宁荼不等她说完:“还怕什么打草惊蛇!问出下落来即可处死!慧儿走火入了魔,再由着她胡闹,只怕她连命也不要。”
“圣上息怒。先前咱们多方缉拿,就算那流景躲在暗中不曾被我们找到,但想必消息她定是得了的,她知公主拿她是要她生不如死,就绝不会让自己落在公主手里。就算公主真得了什么消息,她一不识流景面貌,二来流景刻意躲藏,要想找到人定然还得费些周折,咱们就此谋划,必然能走到公主前头。”
宁荼英眉紧蹙,起身在室内踱了几步,笑意凄苦:“若知流景死在孤手中,慧儿定恨我入骨。”
“圣上无需多虑,有奴婢在,这事自然怪不到圣上身上。”
“怪也无妨,孤怎许慧儿一生毁在那样一个人手上。”
地上的人听了这话,极隐秘的笑了。
作者有话要说: 做梦梦见有人评论~大概是魔怔了!
老爹生病了,在医院待了二十来天,出院再更!
☆、唯怨遥夜
弯月如弓,渐上柳梢头。薄云如纱,轻罩天际。
天气闷热,军帐留着一条缝子,秋红倚在帐门边,光影明暗里一个小小的轮廓,歪着脑袋发着呆。
时值夏末,山边草丛里到处是蛐蛐歇斯底里的鸣叫,巡营士卒的脚步声都被盖过。

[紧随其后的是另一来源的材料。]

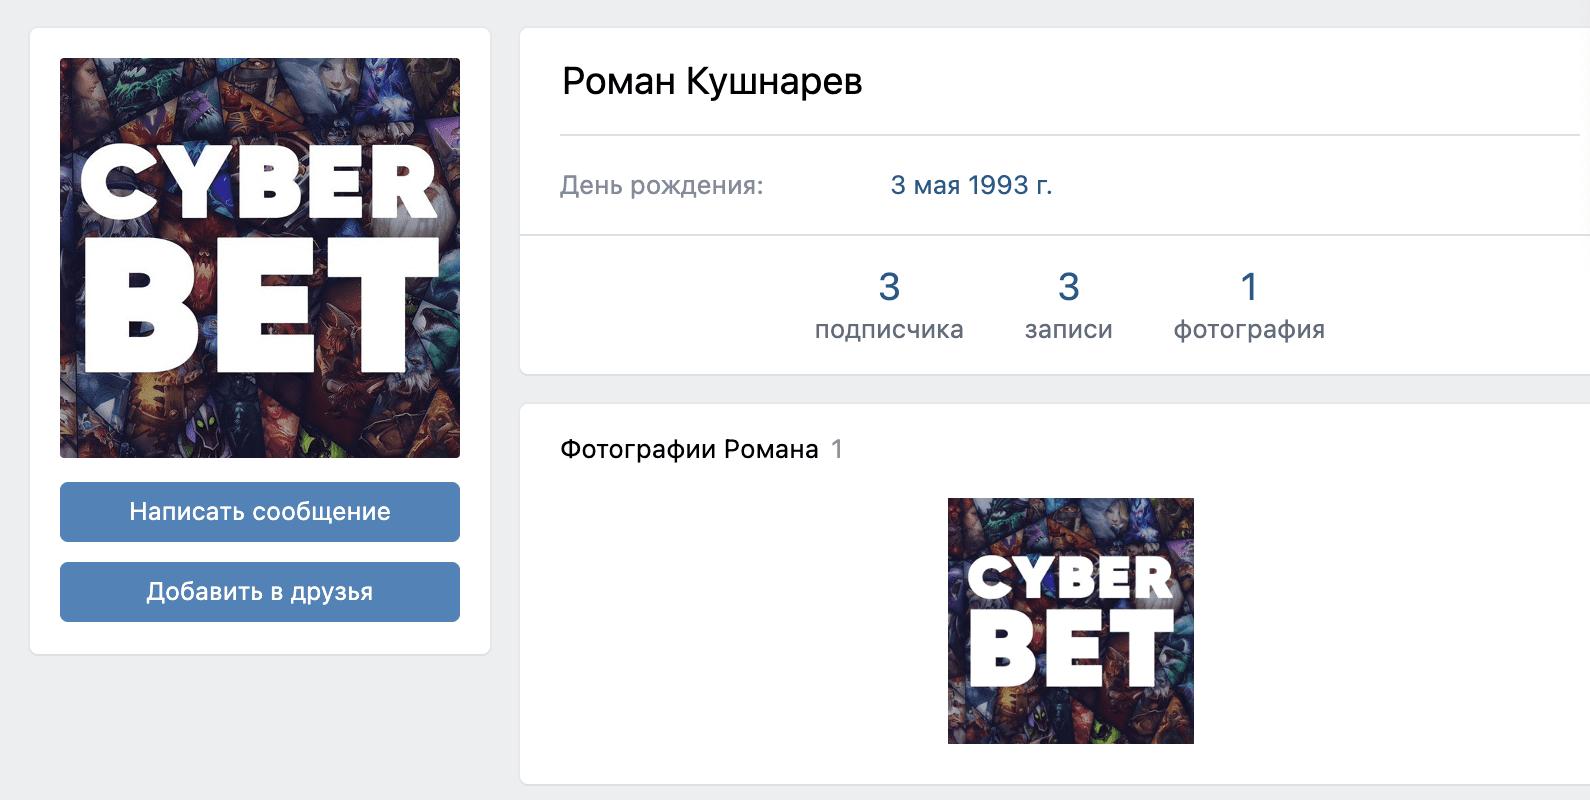 Страница ВК Cyberbet(Cyber bet)

秋红侧耳听着,近处的榻上一点动静也无,她心里反而疑疑惑惑,公主竟然睡着了?
也是,随军辛劳,而况战事胶着,公主劳心劳力,原本就累。
但是,也不合理。
初闻密报时公主那乍然明亮的眼神,那眸中的光彩能让星月暗淡,那眼神中的光茫,烈火烧着原野一般的强烈炽热,仿似整个精神都在燃烧,怎么不过几个时辰她就能平平静静睡着了呢?
她不明白,她也睡不着,久坐使她脚麻手麻,索性起身出了营帐,信步走走。
西南之地树木繁盛高大,她望着近处山上挺拔笔直的浓绿,依稀辨认出那是樟树,那是杜仲树,那是杜英树……
杜英树……
半年之间,王府后院便遍栽杜英,公主在王府时少,但凡在时,却时常望着那一排排绿树发呆。

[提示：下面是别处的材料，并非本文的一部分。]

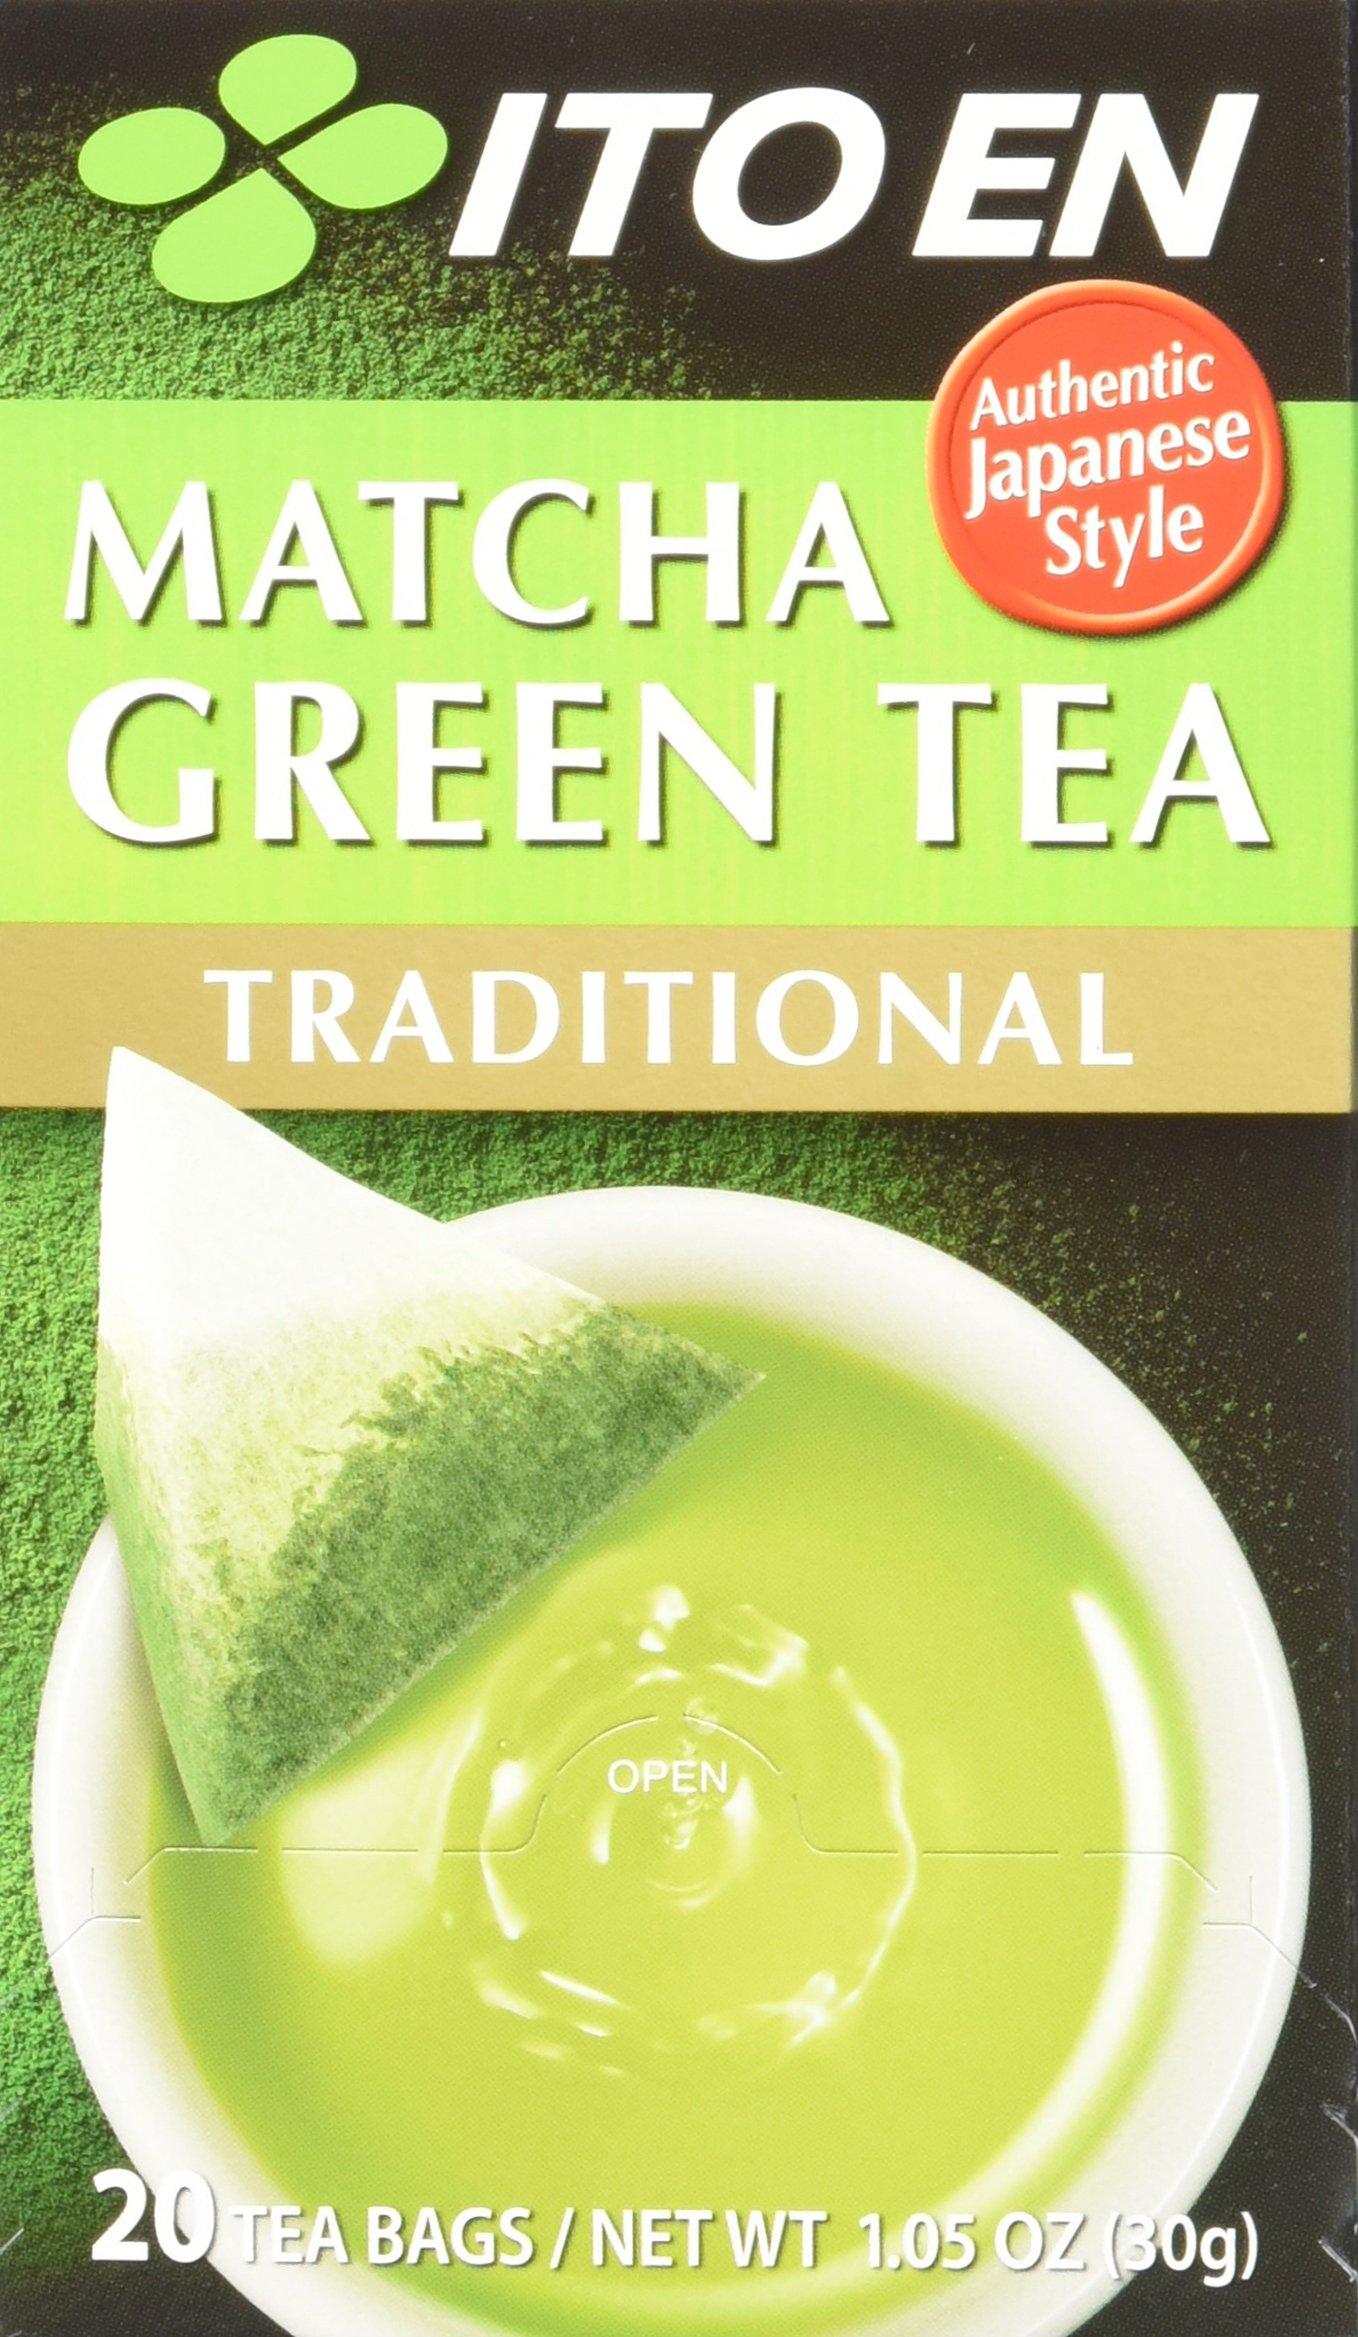 Ito En Matcha Green Tea Traditional 20Count (Pack of 8) Zero Calorie No Artificial Sweeteners Caffeinated Good Source of Vitamin C & Antioxidants BPA Free

新来的小环俱是疑惑,偷空往这树上没少下工夫,终究也不明白这不过如此的树种怎的如此得公主青睐,投机者谄媚,便在公主前盛赞杜英之花,也只博得公主一笑。
谁又能知道,徽州郊外的深山峡谷里,公主便是守着对面山上那最高最大的杜英树数着日月光阴,悬着提到嗓子眼的心,度过生死攸关的日子的。
那时处境何其凶险艰难,她只敢往洞口伸出一只手,感知光影移动,一日一日地盼,盼来了二公子一场烧山的大火,却也在大火里,盼来了久盼不至的人。
如今情形好转,她已是新朝公主,瑄皇帝亲妹,禁军参将,再也无人追杀胁迫,却遍植杜英也等不到那一个人了。
秋红从不在公主跟前提起杜英树,她知道那凝望不是因为杜英树其花美艳,那不过是无望的等待罢了。
秋红虽年纪幼小,人间疾苦经历不够,却因见识过分别的惨伤,自然也能明白等待的哀愁凄凉。
她有时候想,她也是这场分别的策划者和参与者之一。当初若不是她也劝说,想必公主不会离开,那个人也就不会走了。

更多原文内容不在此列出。